A wolf in Yellowstone National Park. (USGS)

by Angus M. Thuermer JrWyoFile

Several conservation organizations and numerous Native American tribes are citing Wyoming’s wolf predator zone — the roughly 85% of the state where wolves can be killed at any time by any means — as evidence of the need for renewed federal protection of the gray wolf.

In an “emergency petition,” a coalition of conservation groups has asked U.S. Secretary of the Interior Deb Haaland to reestablish protections for the gray wolf in the northern Rocky Mountains, including Wyoming. Wyoming’s unlicensed and unregulated killing of wolves across most of the state results in “an overall negative growth rate,” the petition states. 

Wyoming’s predator zone has hampered wolf recovery in Colorado, advocates believe, because the free-fire predator zone covers more than 100 miles of country between Wyoming’s regulated wolf trophy management area and the Centennial State.

“Wyoming cannot be expected to serve as a secure source of dispersing wolves,” the petition says.

In addition to the listing petition, conservation groups also seek to withhold federal Pittman-Robertson and Sport Fish Restoration funds to states that allow hunting and trapping of predators “at levels that compromise healthy populations.”

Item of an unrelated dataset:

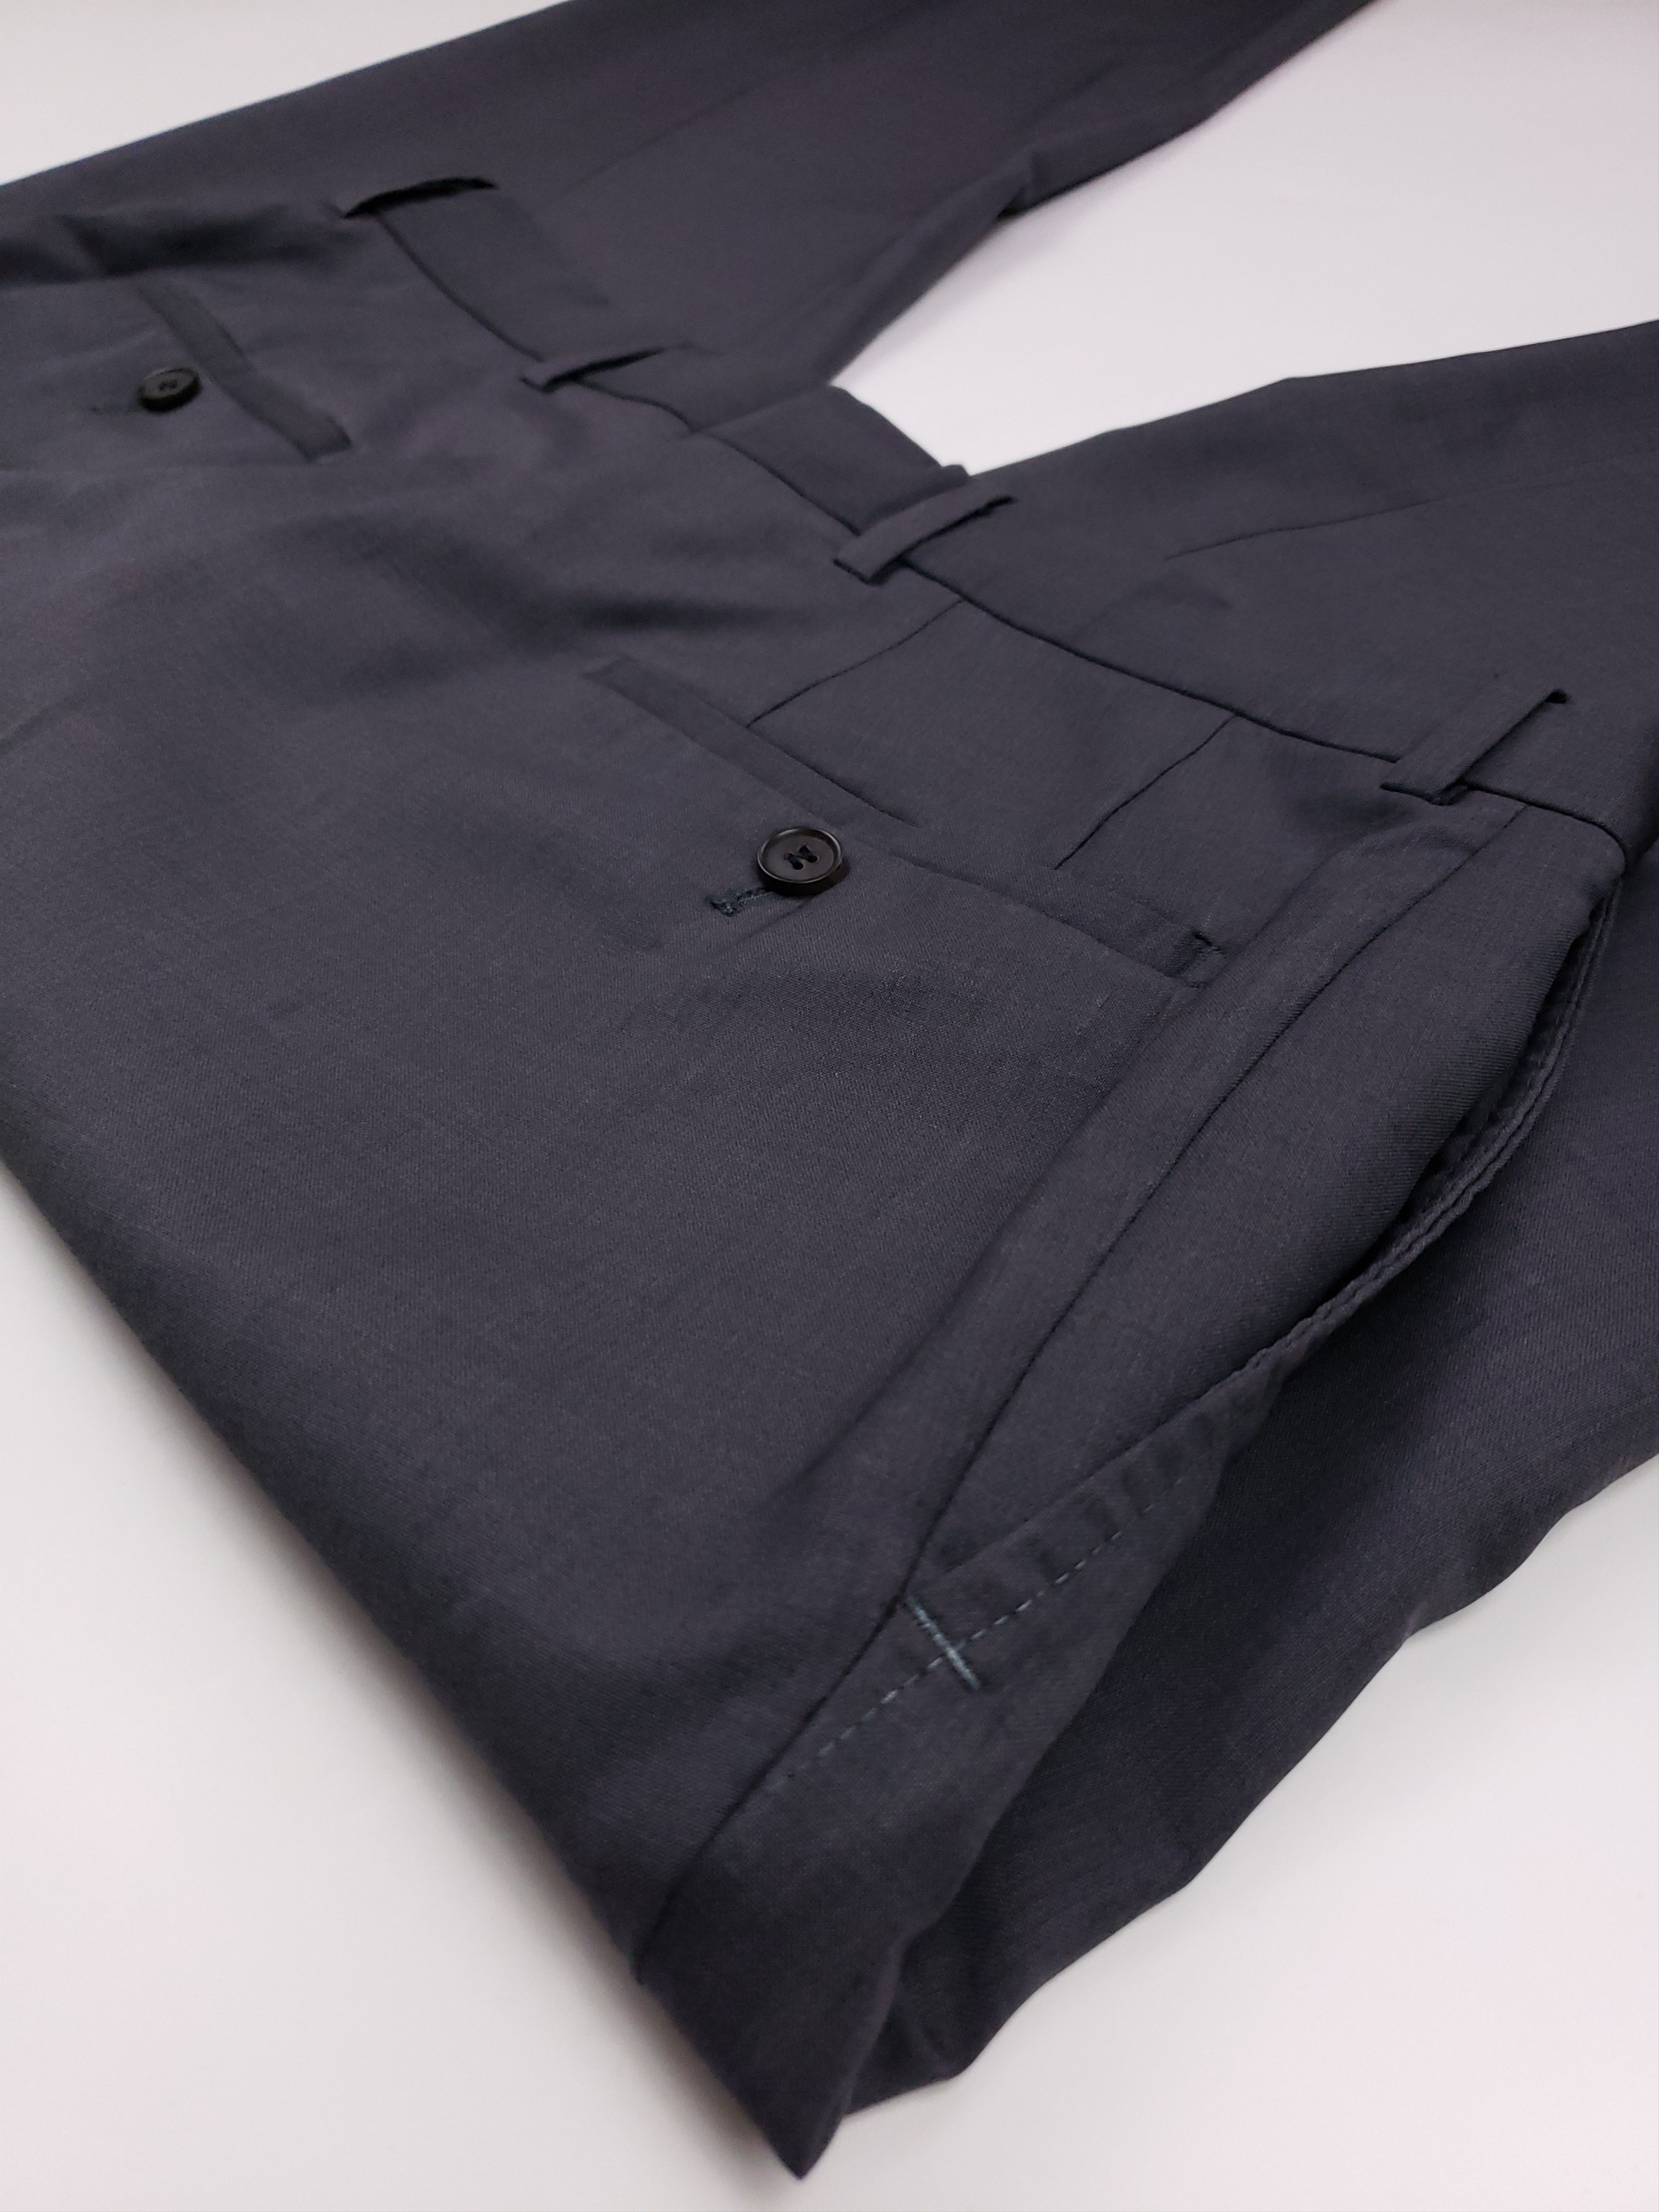 Hugo Boss Hugo Boss James Brown Pants 32x30 Gray Charcoal Wool Cashme Size US 32 / EU 48 - 10 Thumbnail

At the end of 2020, 147 wolves lived in the northwest corner of the state outside Yellowstone National Park and the Wind River Indian Reservation, according to Game and Fish estimates. The wild canines are managed as trophy game in that region and their killing is regulated there. That program has continued to meet federal population goals, the state wildlife agency asserts.

But regional context could become important as Idaho and Montana sanction increased killing of wolves there. Even Canadian tribes have petitioned Haaland to rein in the bloodletting, saying wolves are “functionally extinct” in most of their range and citing Wyoming’s predator regulations that allow “killing pups in dens.”

History

Although contemporary Western wolf history stretches back to 1995 when the animals were reintroduced to Yellowstone National Park and Idaho, former president Donald Trump ignited recent debates by removing gray wolves from the list of protected species on Jan. 5, 2021. Montana and Idaho soon increased hunting quotas.

Montana hunters just outside Yellowstone National Park killed three wolves from the park’s iconic Junction Butte pack in the last two weeks — the first weeks of Montana’s open season — prompting a rebuke from Park Superintendent Cam Sholly. Calling wolves part of “our balanced ecosystem here,” he asked the state to reinstate “quotas that would protect the core wolf population in Yellowstone.”

Who said what?

Secretary Haaland, who said when she visited Yellowstone in August that wildlife “don’t see borders,” found “substantial, credible information” that relisting the gray wolf may be warranted, the Interior Department’s U.S. Fish and Wildlife Service said on Sept. 15. The agency did not make an immediate emergency finding but said Sept. 15 it will review the species’ status within 12 months.

Gov. Gordon reacted the next day, saying “our program, our plan has worked and we believe we have strong evidence to support that.” It “does not need to be fixed,” he said.

Rain (aka Rain Bear Stands Last), the executive director of the Global Indigenous Council, said the sponsors of wolf hunting bills are “conflating Euro-Medieval sadism with so-called wildlife management.”